Le contrat fait l'objet d'une lettre établie en double exemplaire dont l'un est remis au salarié.
Il est mentionné :
- la raison sociale de l'employeur ;
- l'adresse de l'employeur ;
- les nom et prénoms du salarié ;
- la nationalité du salarié, et s'il est étranger, le type et le numéro d'ordre du titre valant autorisation de travail ;
- le numéro national d'identification du salarié et, à défaut, sa date et son lieu de naissance ;
- la date et l'heure d'embauche ;
- le lieu de travail ;
- la dénomination de l'emploi ;
- le groupe de classification et le coefficient minima correspondant ;
- le salaire de base et les différents éléments de la rémunération, en particulier les éléments de reconstitution de carrière (art 144 de l'annexe I) ;
- la durée hebdomadaire de référence ;
- les conditions particulières de travail, et notamment les périodes et le nombre de semaines où le salarié sera amené à accomplir des sujétions particulières (exemples : séjours de vacances, stages, festivals, fins de semaines, soirées, jours fériés) ;
- les différents avantages en nature (exemple : logement de fonctions) ;
- la référence de l'organisme auquel l'employeur verse les cotisations de sécurité sociale et le numéro sous lequel ces cotisations sont versées ;
- le nom des caisses de retraite complémentaire et de prévoyance ;
- la référence à la convention collective et les modalités de sa consultation sur le lieu de travail.

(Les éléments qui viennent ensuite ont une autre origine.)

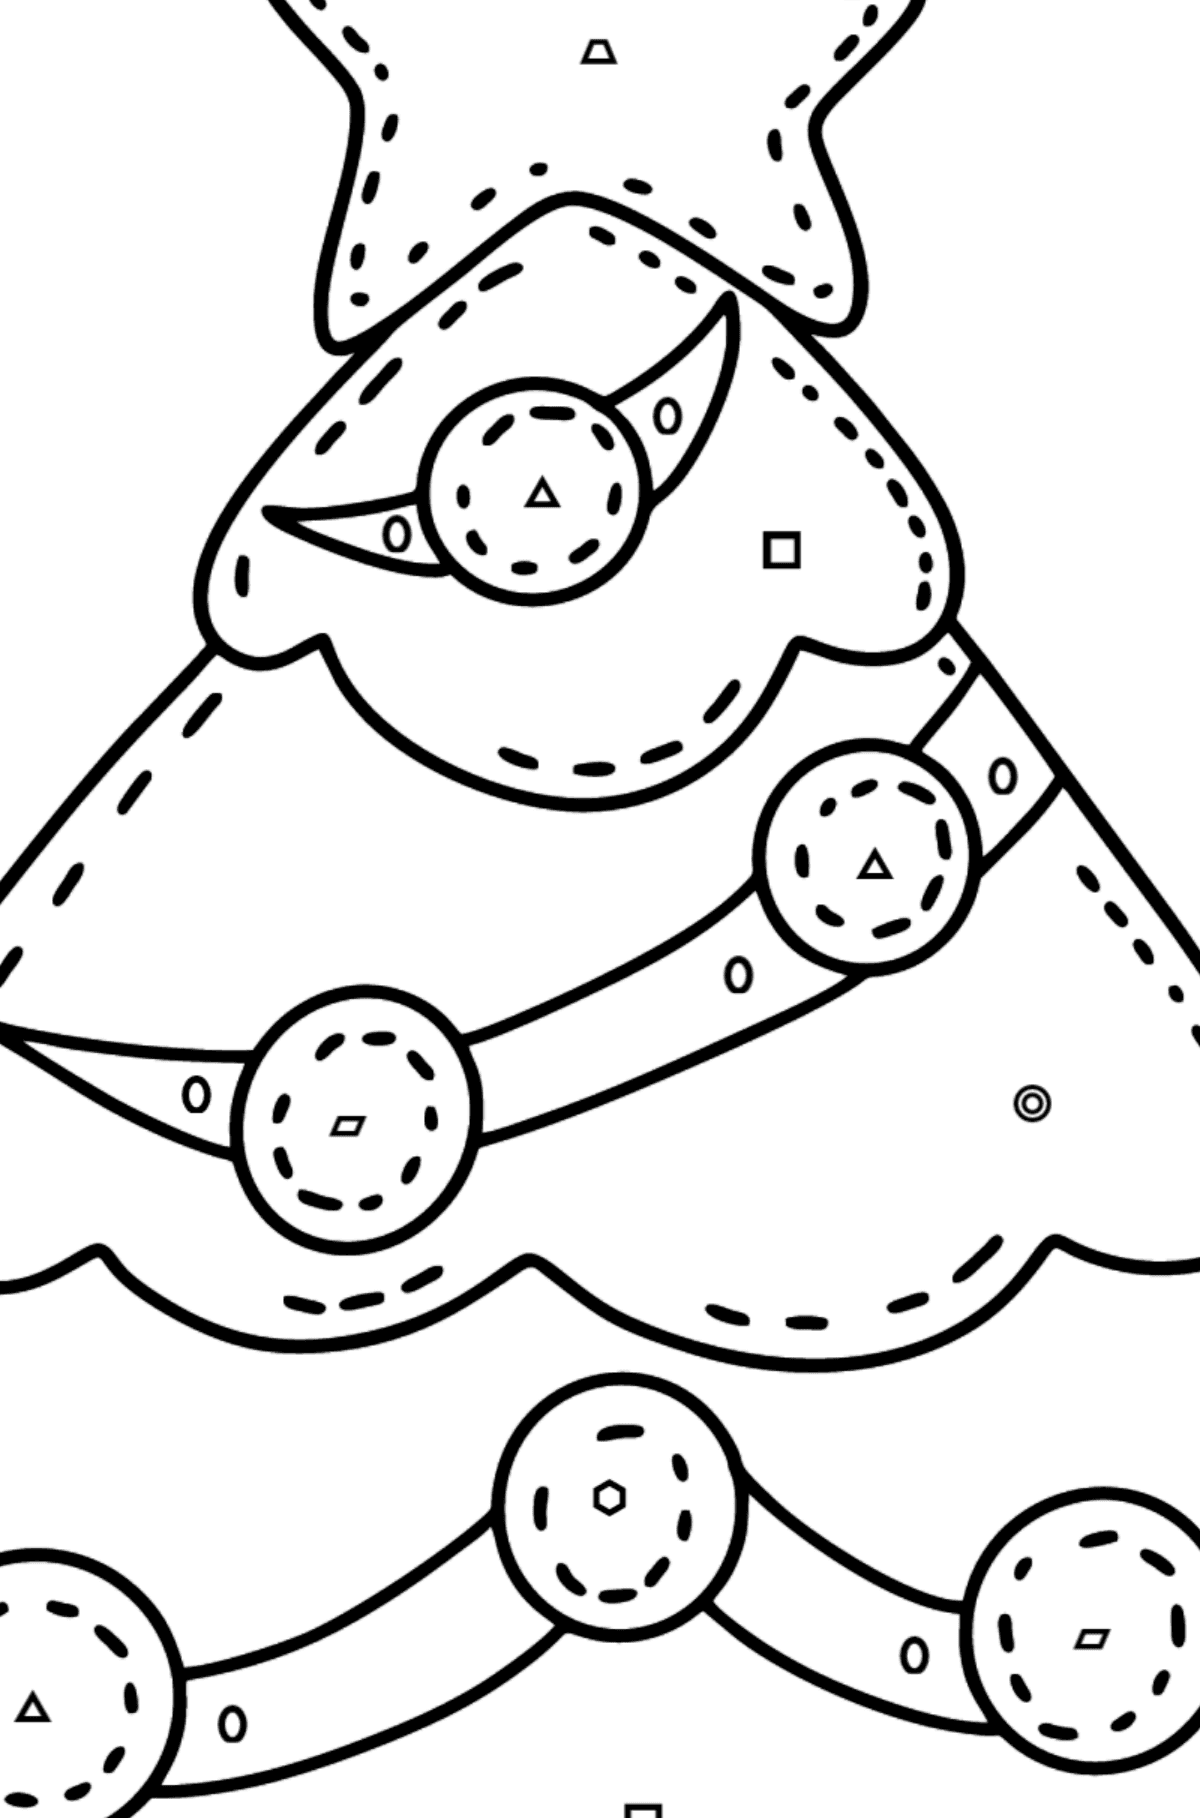 Coloriage - Sapin de Noël en feutre - Coloriage par Formes Géométriques pour les Enfants

Le salarié signe les deux exemplaires du contrat de travail et ajoute la mention " Lu et approuvé ".
Toute modification du contrat de travail fait obligatoirement l'objet d'un avenant notifié par écrit au salarié.
Lorque les conditions prévues au contrat entraînent des sujestions particulières (par exemple un seul jour de repos par semaine), il doit être notifié dans le contrat la contrepartie accordée au salarié.